## TASK
Only the lines in the entries below from the line with "Rainy Day Rainy" to the line with "Cartoon Cat Floor Mat - Super Kitty Cats", both included, belong in the answer, transcribed exactly and without pictures.

## DATA TO PROCESS
┄┄┄┄┄┄
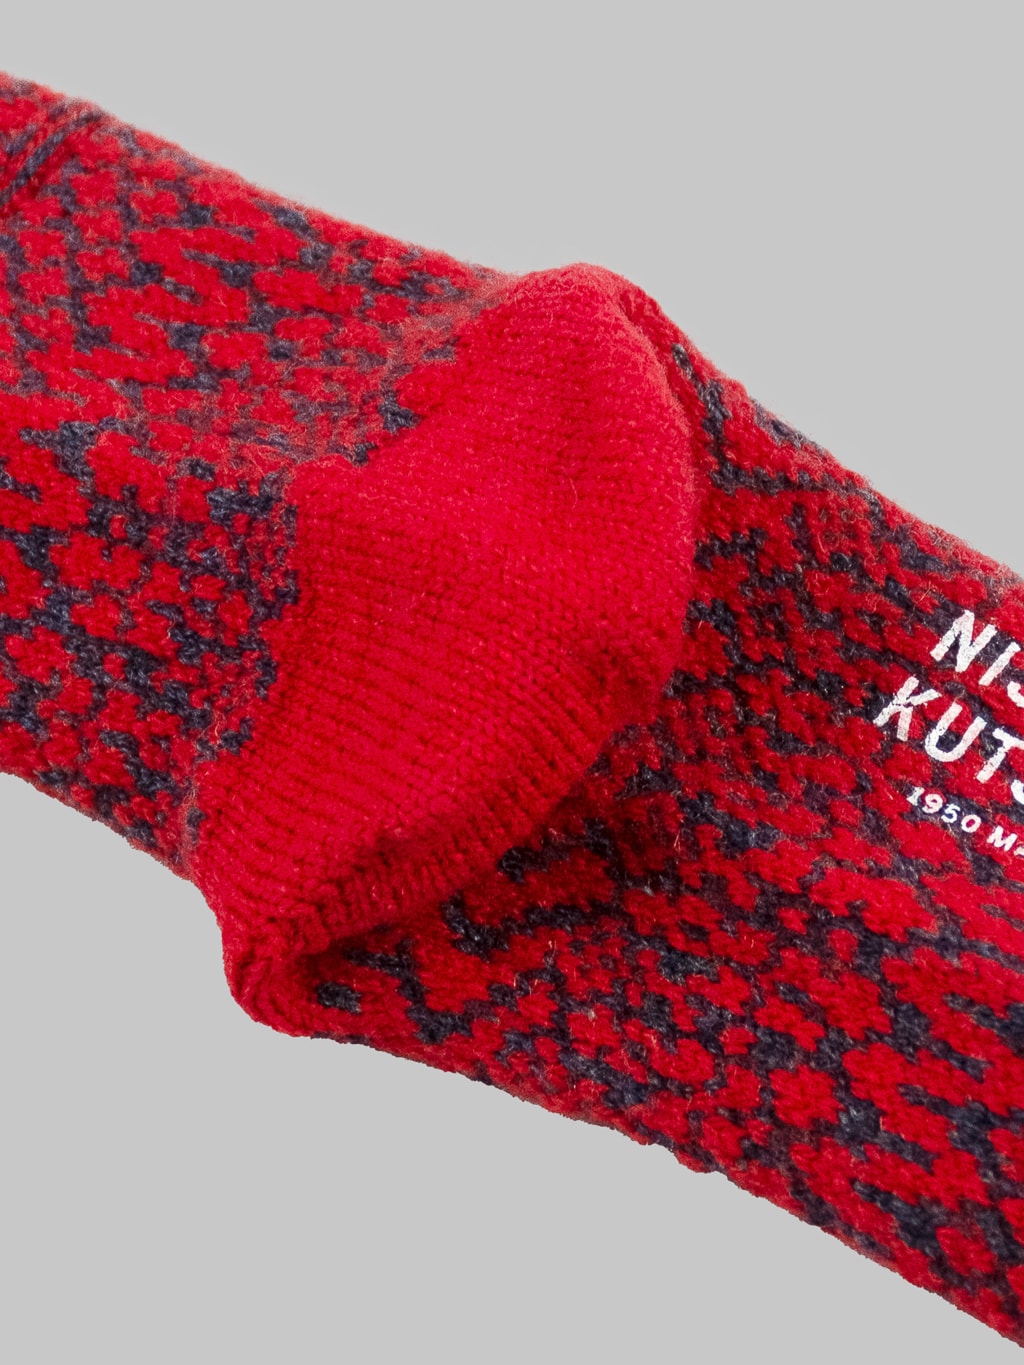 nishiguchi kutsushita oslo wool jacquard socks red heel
┄┄┄┄┄┄
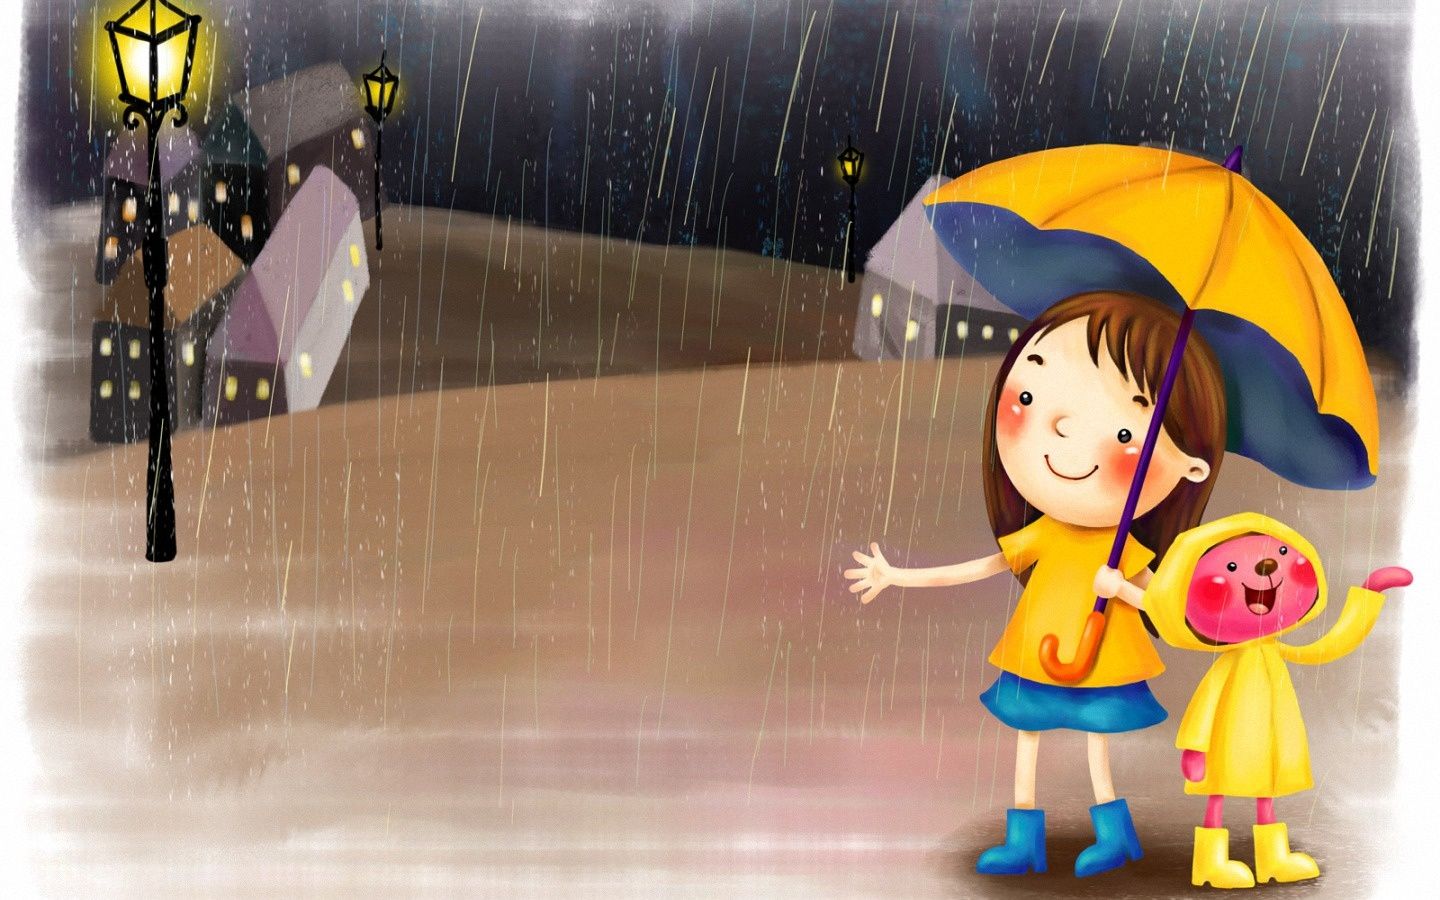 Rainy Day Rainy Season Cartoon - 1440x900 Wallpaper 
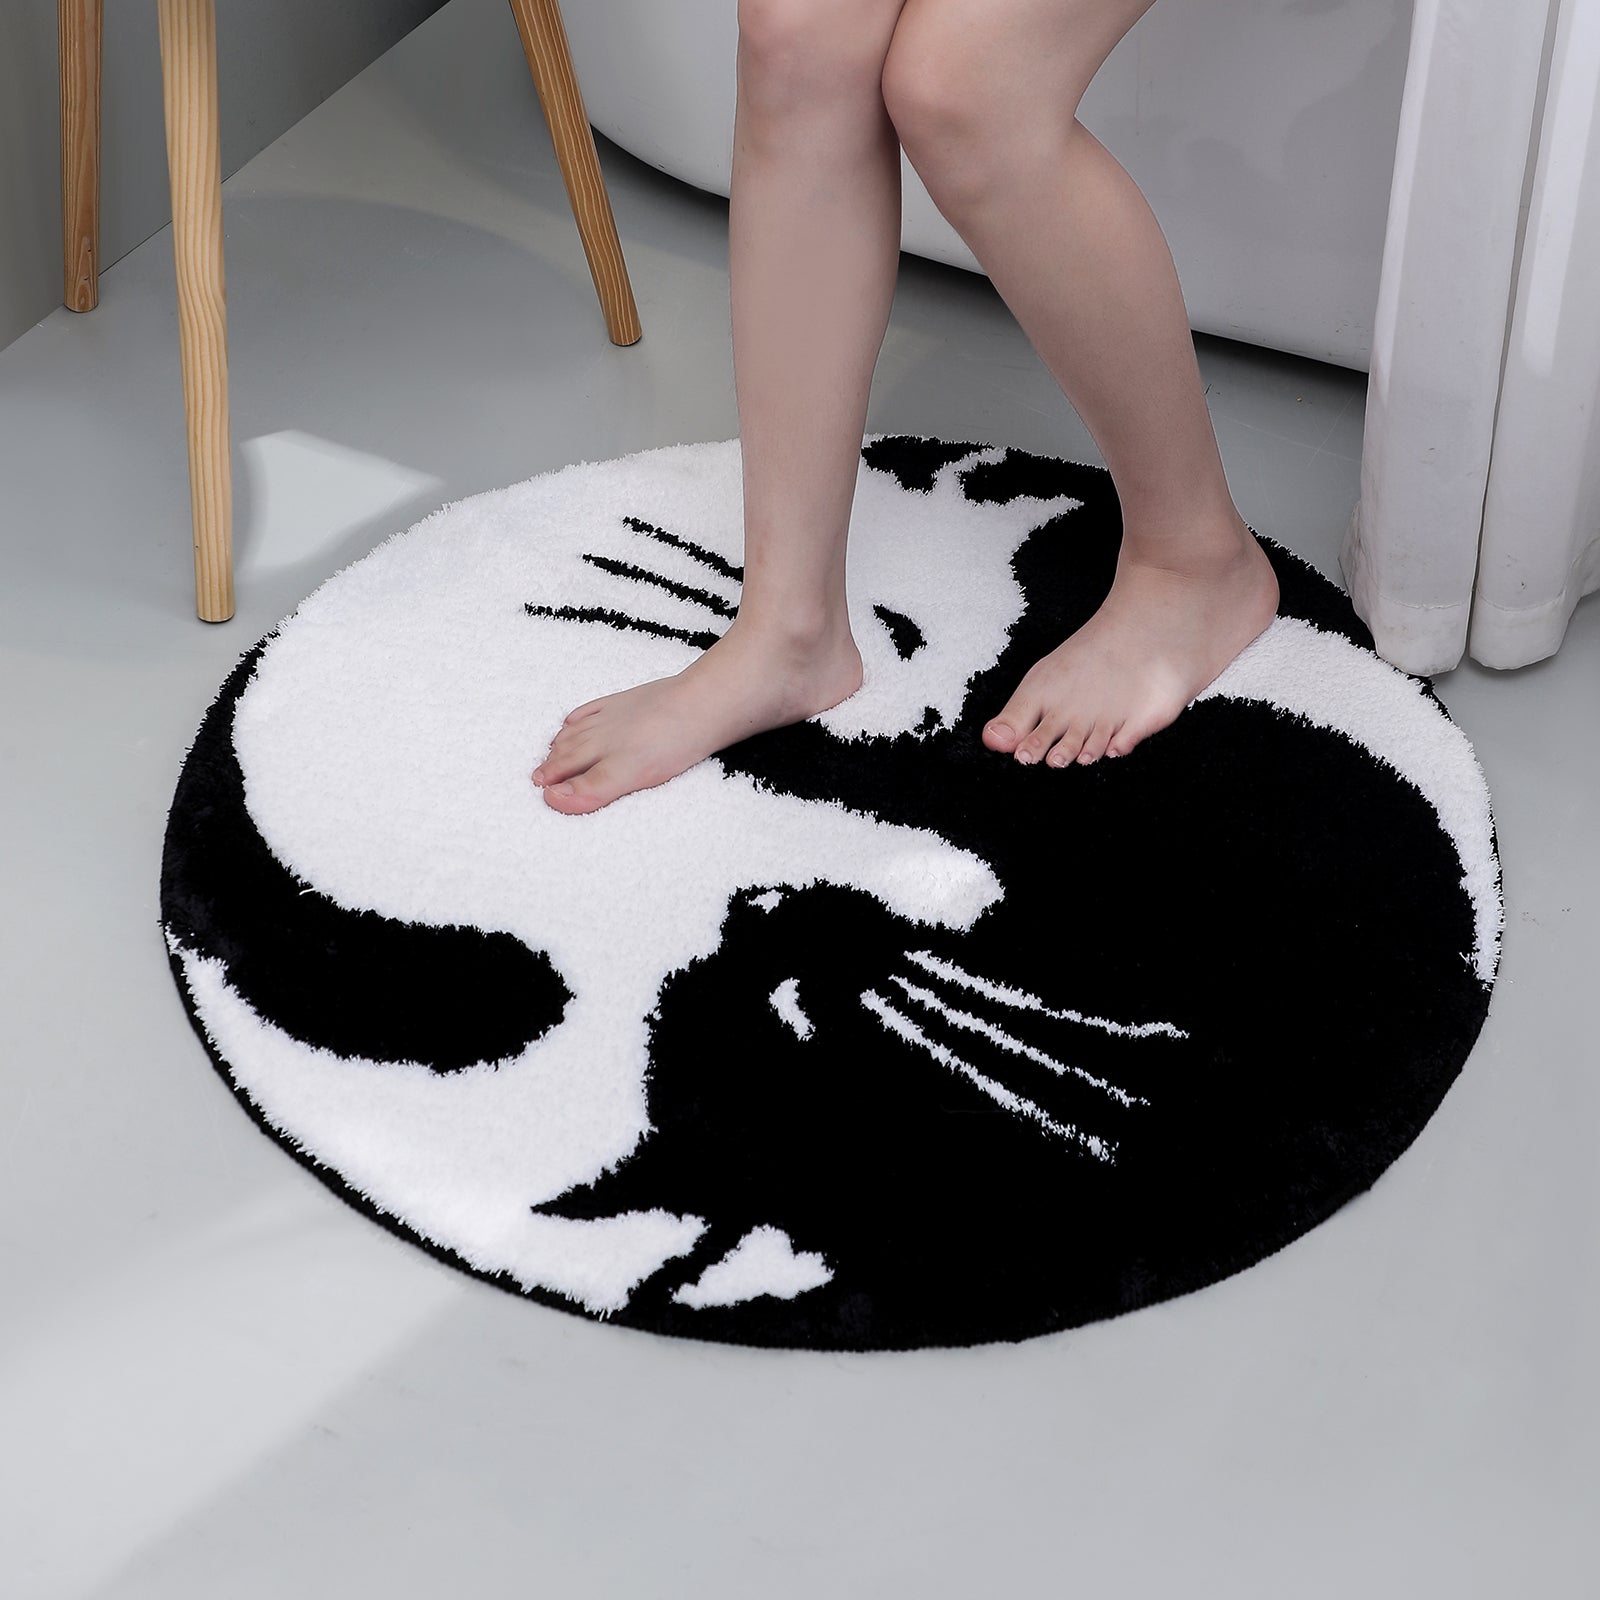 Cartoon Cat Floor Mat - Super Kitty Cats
┄┄┄┄┄┄
## RESPONSE TO THE TASK
 Rainy Day Rainy Season Cartoon - 1440x900 Wallpaper 
 Cartoon Cat Floor Mat - Super Kitty Cats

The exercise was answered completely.